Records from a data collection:
# # # # #
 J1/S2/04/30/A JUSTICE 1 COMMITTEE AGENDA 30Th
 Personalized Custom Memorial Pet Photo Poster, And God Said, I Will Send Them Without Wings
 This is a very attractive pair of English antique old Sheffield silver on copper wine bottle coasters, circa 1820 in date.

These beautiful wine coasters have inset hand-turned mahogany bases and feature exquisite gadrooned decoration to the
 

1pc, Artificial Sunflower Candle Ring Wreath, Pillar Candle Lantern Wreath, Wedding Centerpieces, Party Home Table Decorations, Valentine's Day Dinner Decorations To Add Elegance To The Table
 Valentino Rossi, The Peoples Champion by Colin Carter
# # # # #
» Try it:
There is a line above that contains "These beautiful wine". Copy it and all later lines through the last, exactly, and leave out the rest.

» Solution to this problem:
These beautiful wine coasters have inset hand-turned mahogany bases and feature exquisite gadrooned decoration to the
 

1pc, Artificial Sunflower Candle Ring Wreath, Pillar Candle Lantern Wreath, Wedding Centerpieces, Party Home Table Decorations, Valentine's Day Dinner Decorations To Add Elegance To The Table
 Valentino Rossi, The Peoples Champion by Colin Carter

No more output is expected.